Write out the data exactly, please, and omit the pictures.

*** DATA EXTRACT Section Begins ***

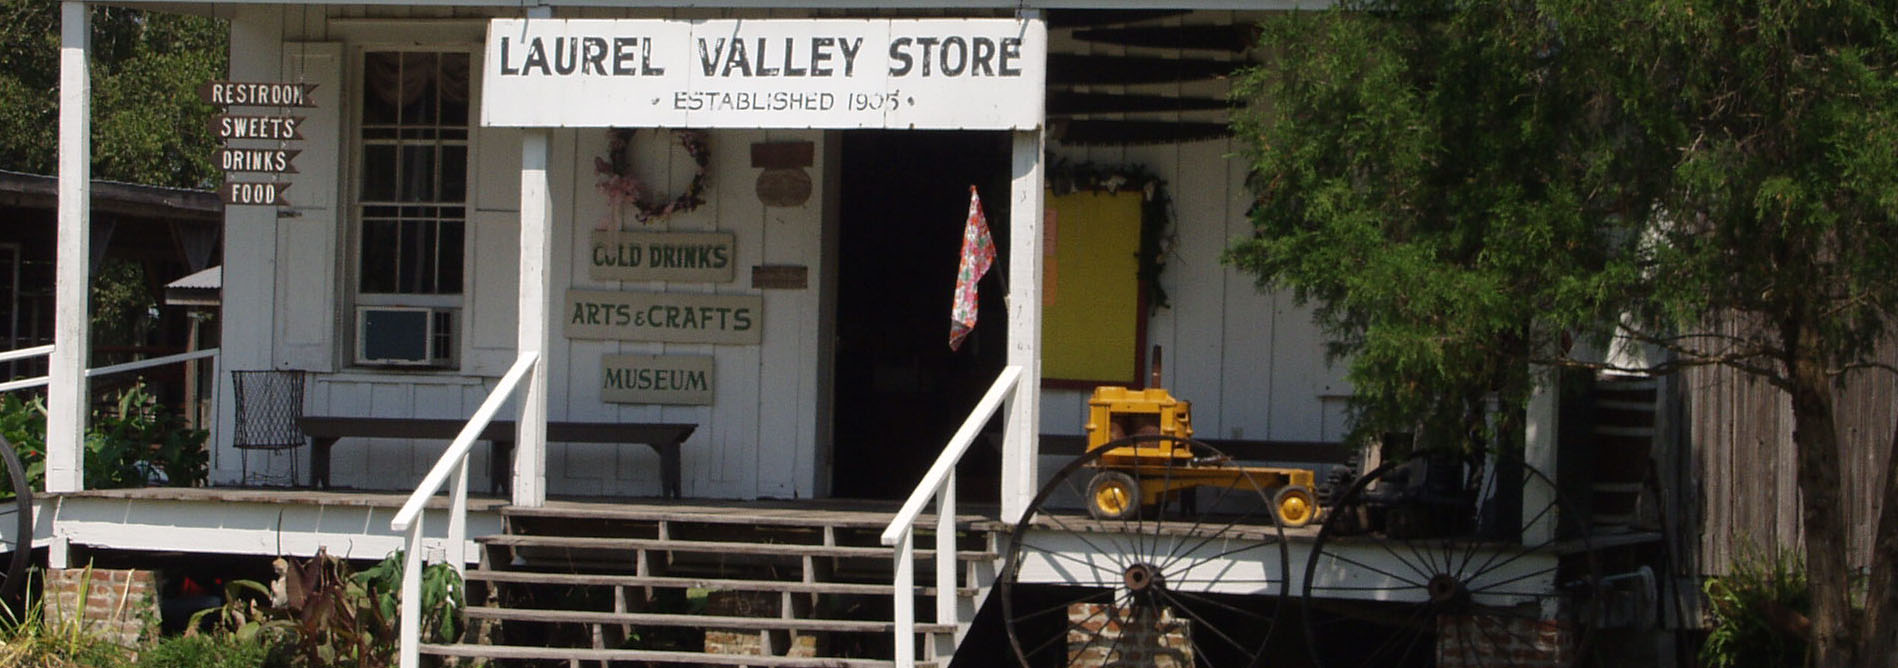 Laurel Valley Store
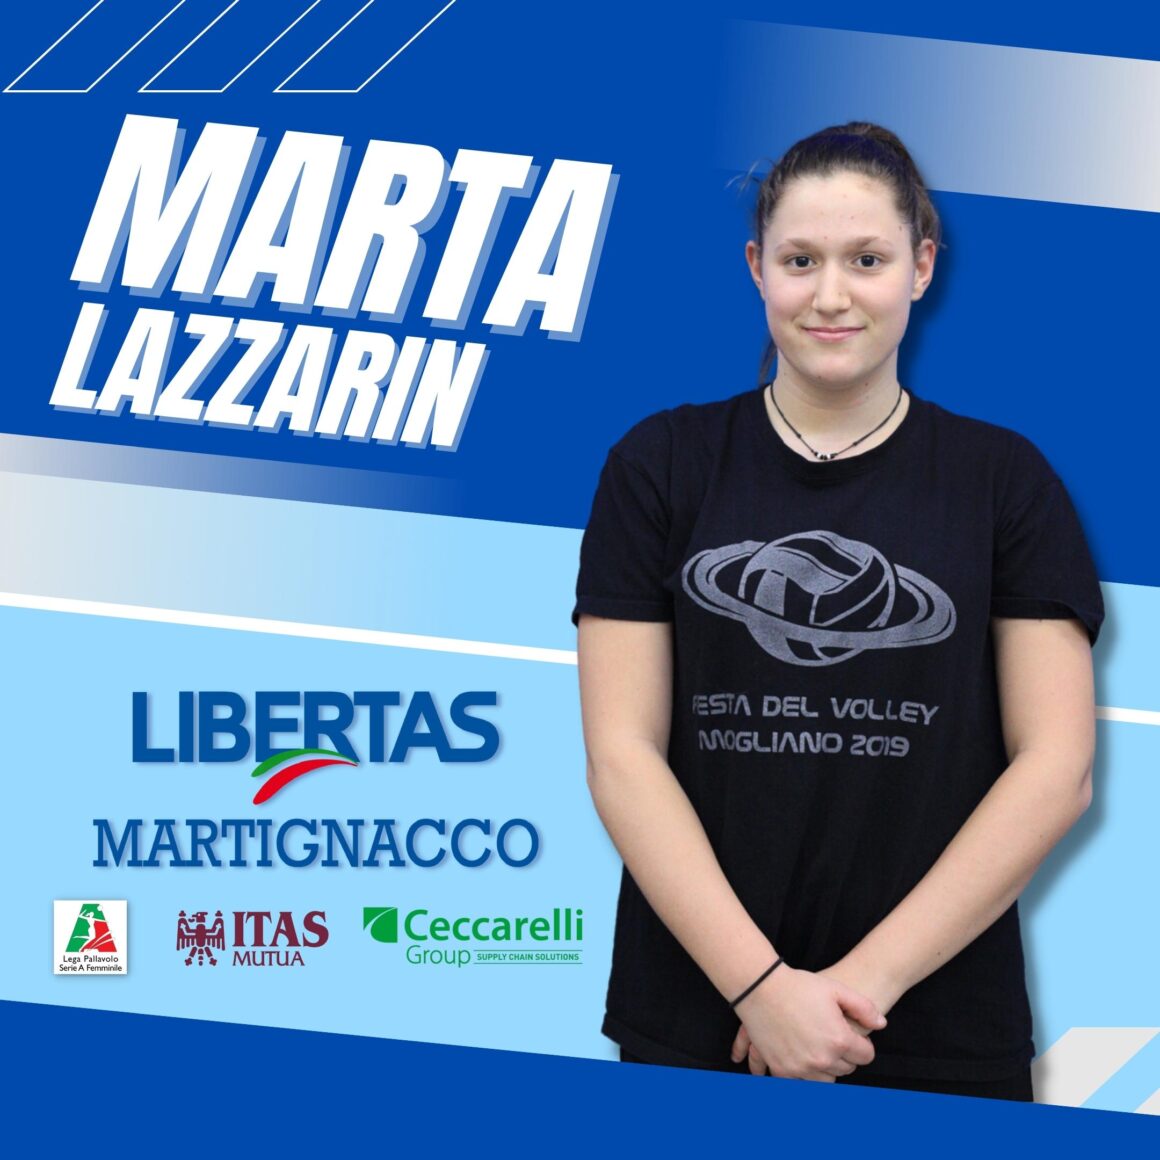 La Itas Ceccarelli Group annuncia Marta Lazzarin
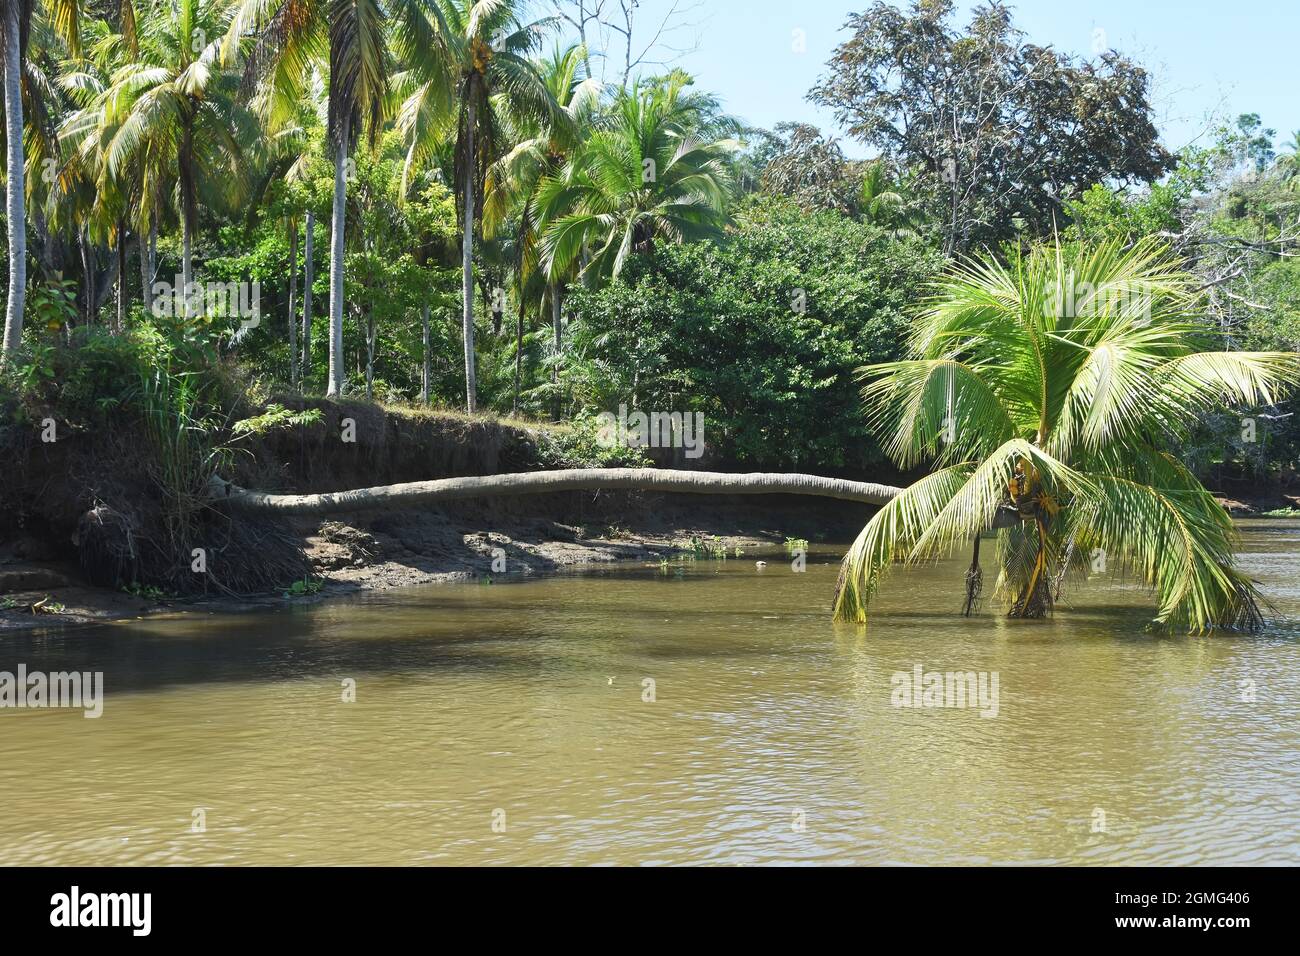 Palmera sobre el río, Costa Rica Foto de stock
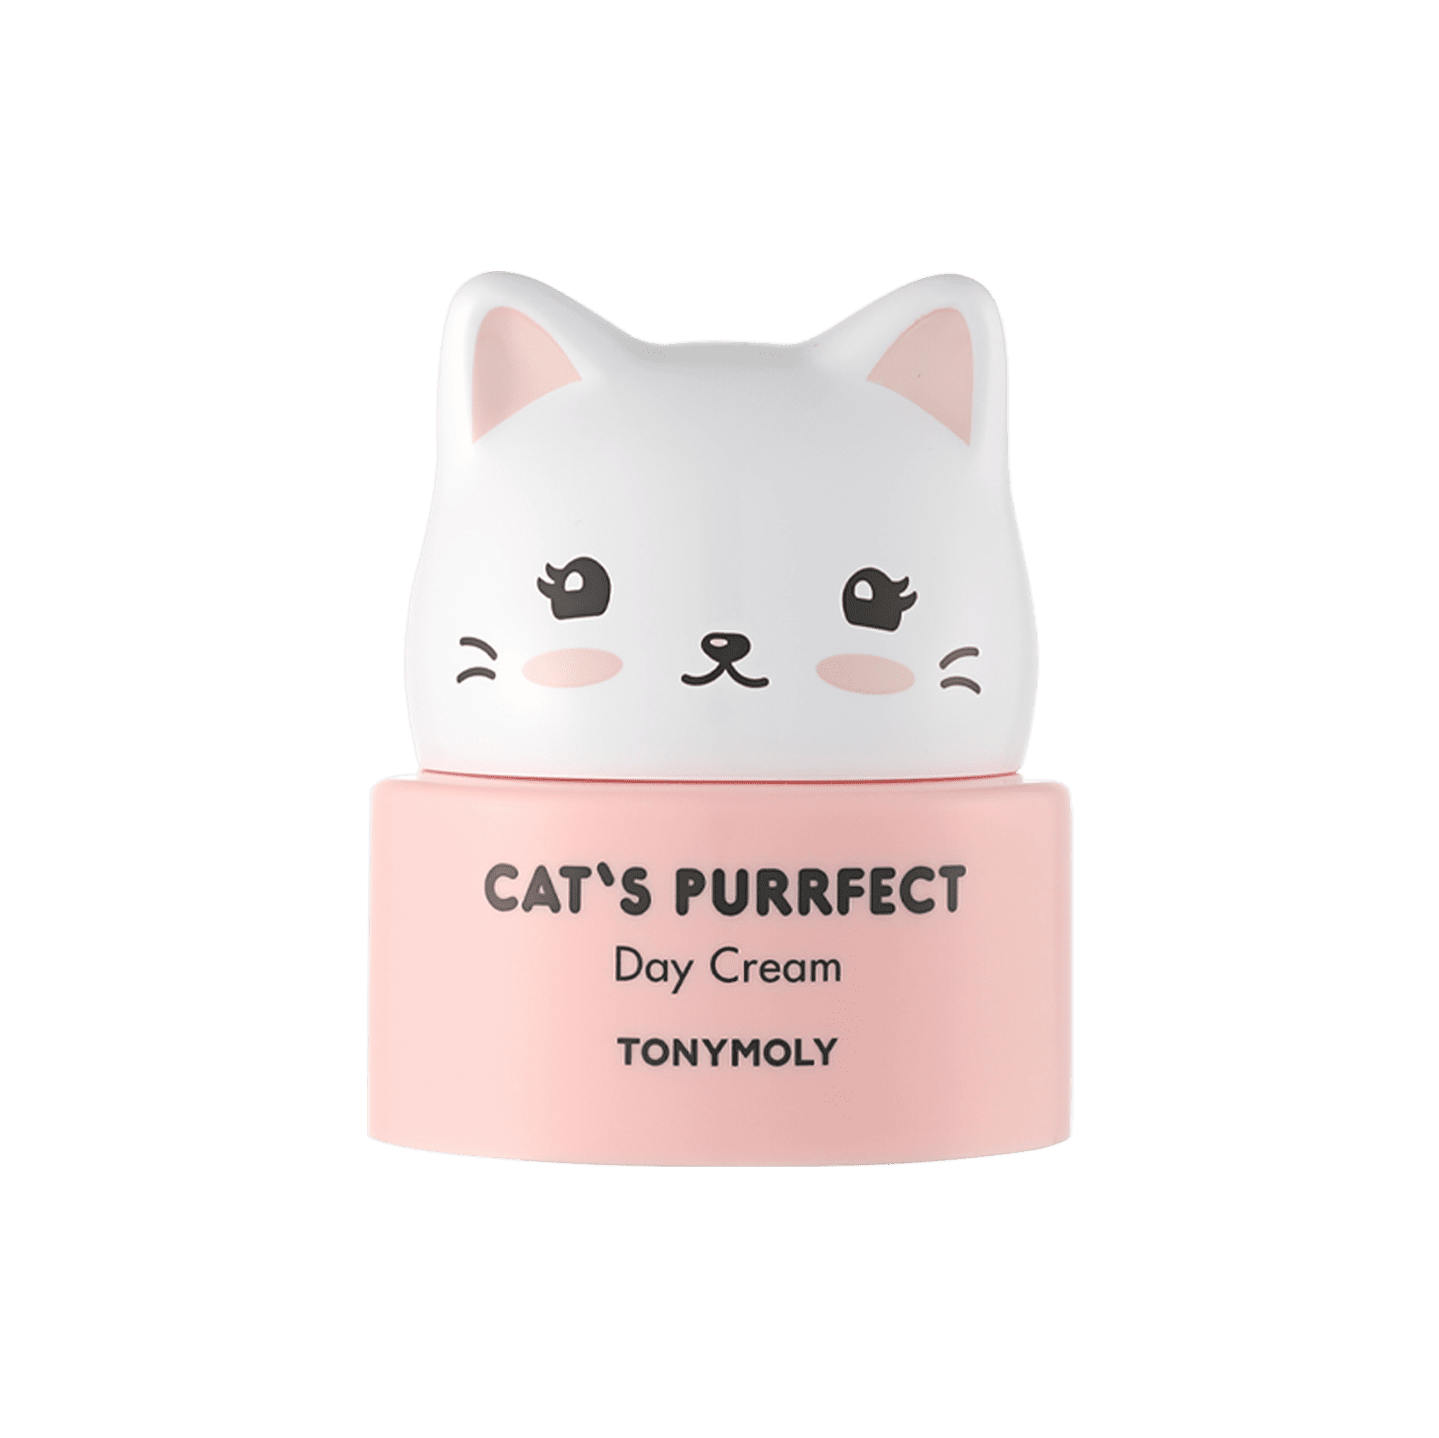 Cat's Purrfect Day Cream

*** DATA EXTRACT Section Ends ***

**RESPONSE TO THIS EXERCISE**
 Laurel Valley Store
 La Itas Ceccarelli Group annuncia Marta Lazzarin
 Palmera sobre el río, Costa Rica Foto de stock
 Cat's Purrfect Day Cream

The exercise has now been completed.